The USA is more moral. That is why we should spread the US way of life to other countries and introduce American ideals.

That didn't defend what you said but was just a reiteration :facepalm:

But they don't. There is always some non-religious motivation behind certain laws. For example, banning gay marriage protects society and especially it protects young children from homosexuality. The fact that some people put reasons from the bible in there is just because it is a another reason, alongside all the non-religious ones.

But they do because the basis of the laws is their 'religious morals'. :rolleyes: Using your own example gay marriage if you look at it from a secular point of view has no negative consequences, as there is nothing to 'protect' young children from.

That isn't great, but it is simply a side effect of the past. Things will get better.

How long do people have to wait for that to happen? Its been what? between 30 and 50 years now? And how is that supposed to happen if conservatives like you keep pushing legislation that disproportionally affects minority groups in low income areas?
Original post by callum9999
It's called patriotism... People really should be aware of what it is by now...

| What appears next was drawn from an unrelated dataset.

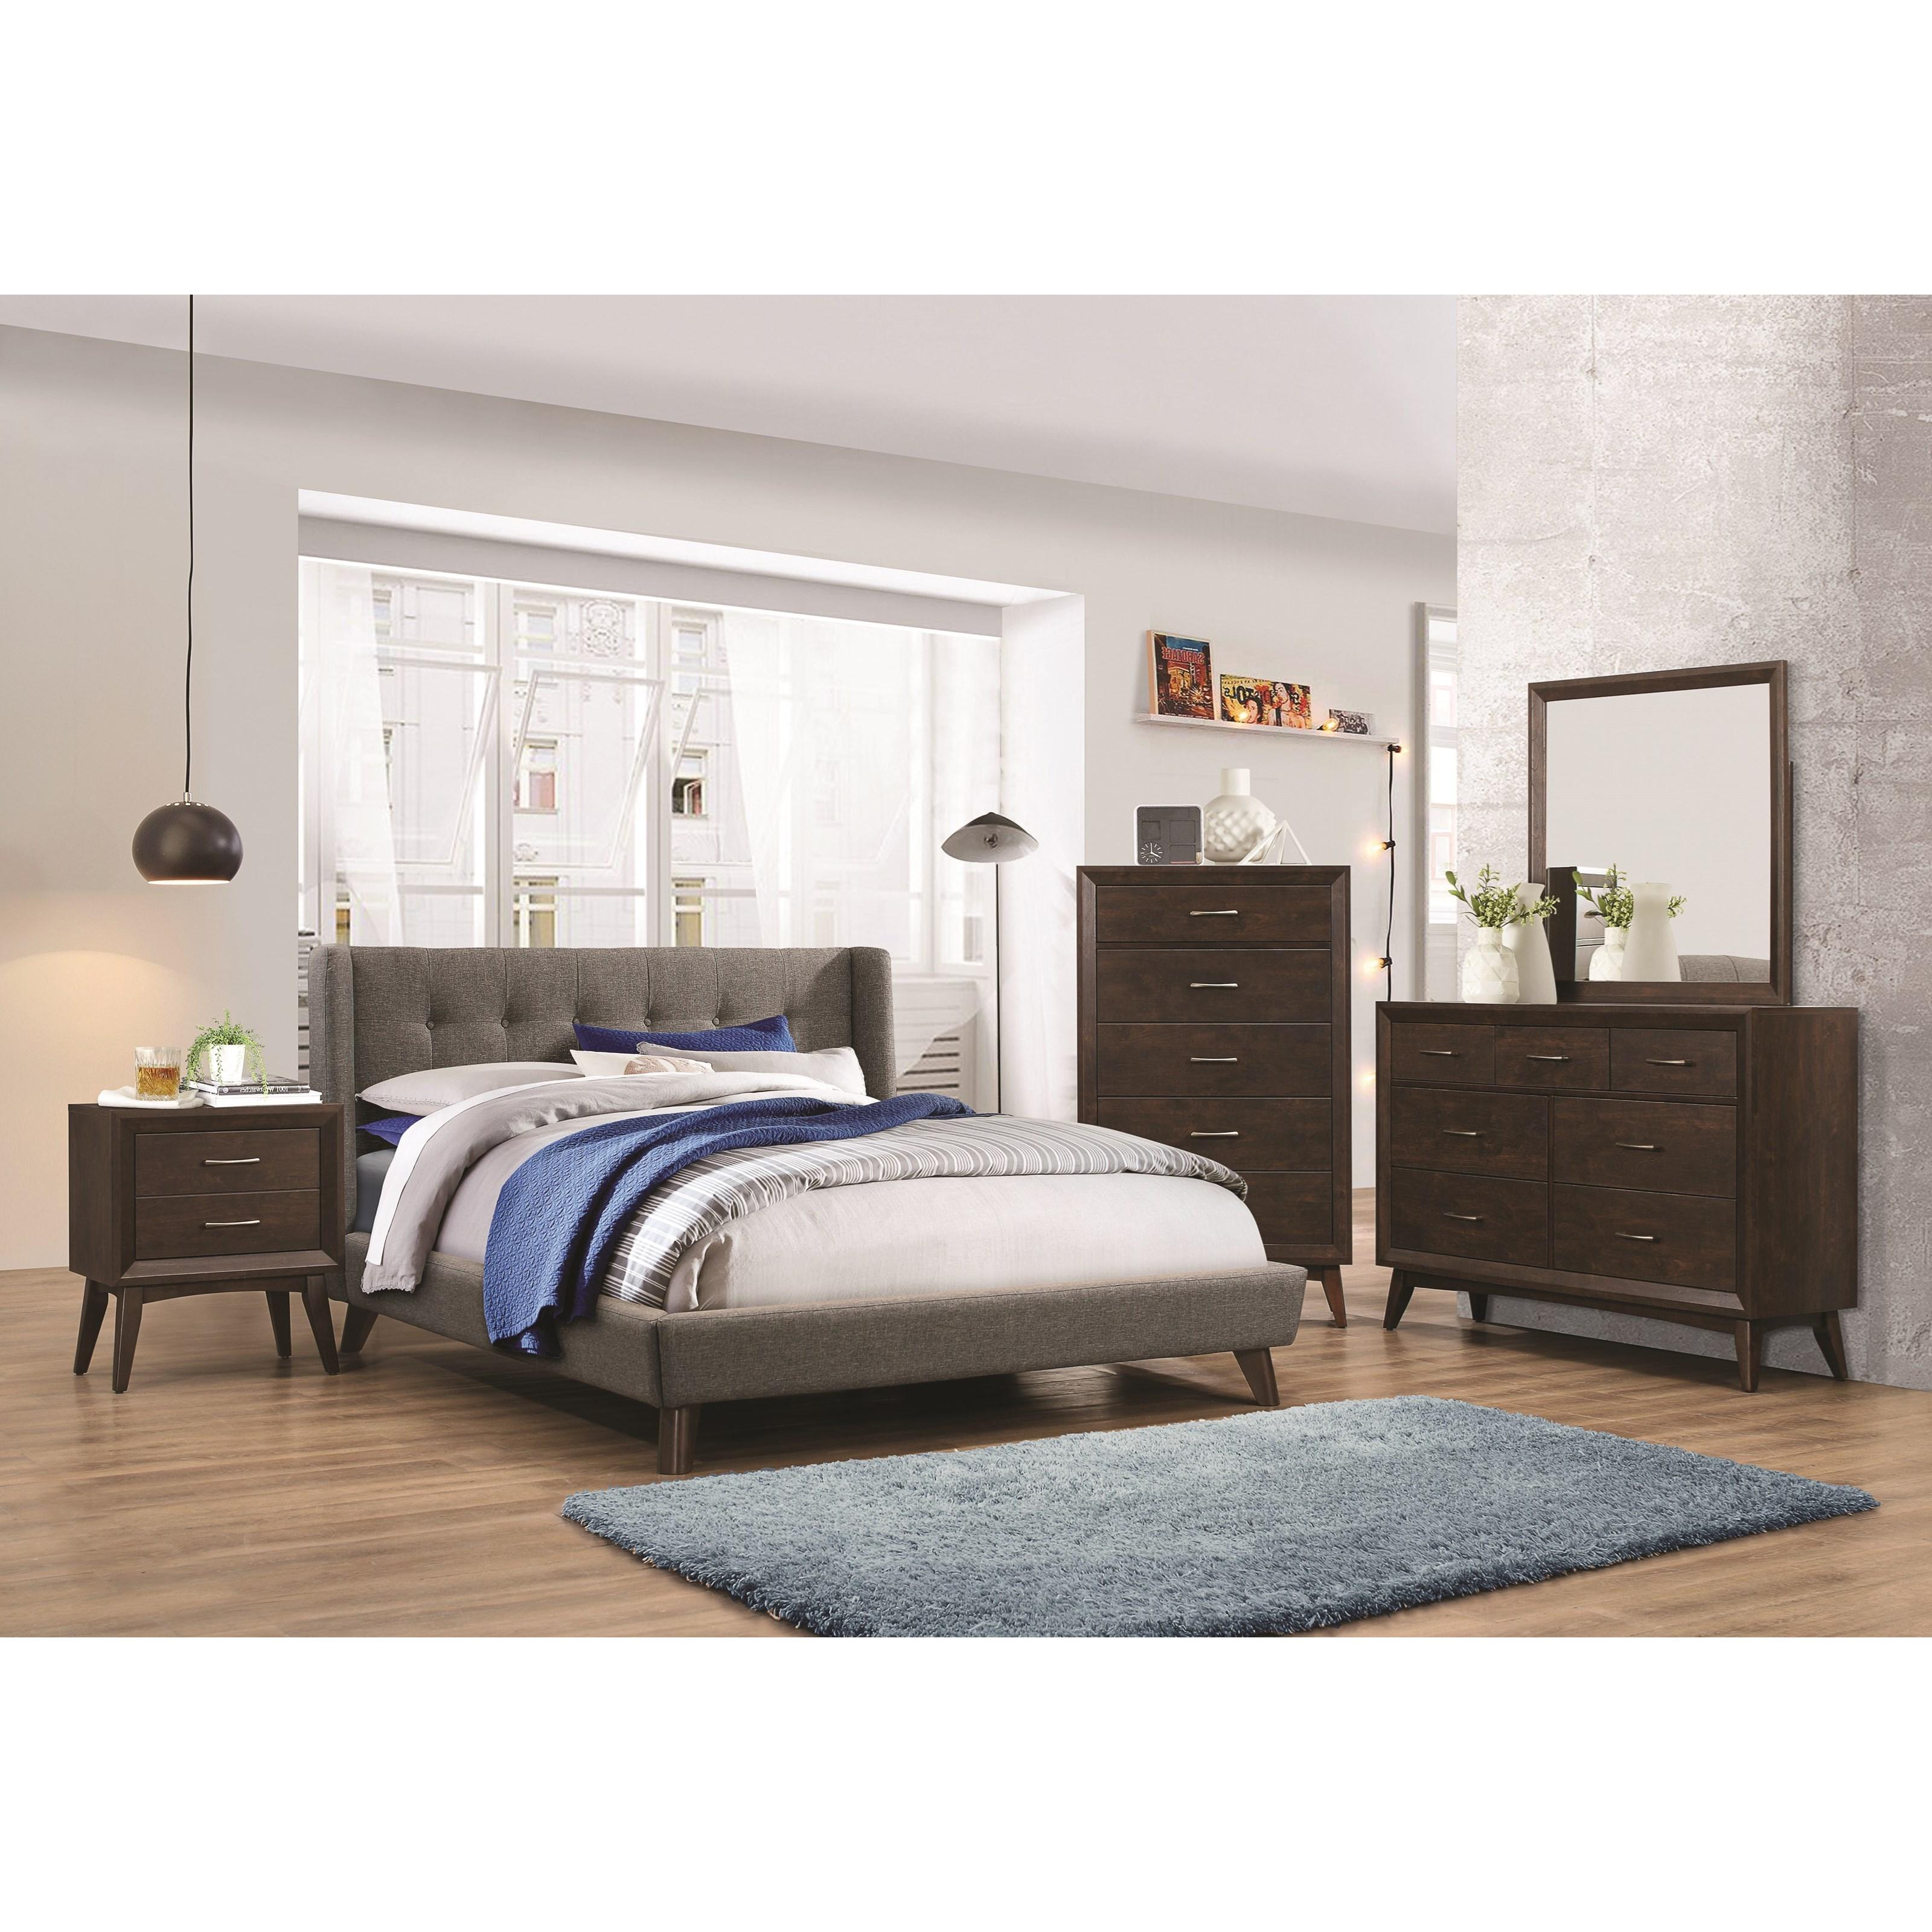 Coaster carrington queen bedroom group beck 39 s furniture for Bedroom groups

The exact same reason why I have a natural tendency to prefer Britain over other countries that, on paper, look similar. It's what I'm used to.

I think patriotism should be less about blowing your own country, and more about accepting that things are wrong (and being willing and try and fix it).


Particularly the Southern states think that everything they have was God given and that they really have the next holy-land outside of Jerusalem.

At a time it may have made steps towards freedom, but no longer. How many acts in the past year have nearly gone through to restrict websites from having even the faintest connection with other sites suspected of piracy? The incredibly relaxed method of writing the law makes it open to huge debate and prevents websites from normally operating, even if they were legal.

The US has the largest amount of citizens behind bars than any other country. It's not that crime should not be punished, or that to be "free" you must release everyone, but it's usually for petty crimes. The "3 strikes and you're out" means that you can get a life sentence from 3 convictions.

They whack off their constitution about free speech and freedom of religion, yet blast it in everyones' face and are incredibly intolerant. It's funny because the US should be a secular nation, but has a de facto religion. The UK is a religious country and is de facto non-specific.


Bad healthcare. Expensive medication. Bad education. A vague constitution. Constant invasion by the feds. A political system where companies are "people" and may buy out politicians en masse.

Yep. Free. Well, free to own a firearm (but they probably shouldn't be allowed).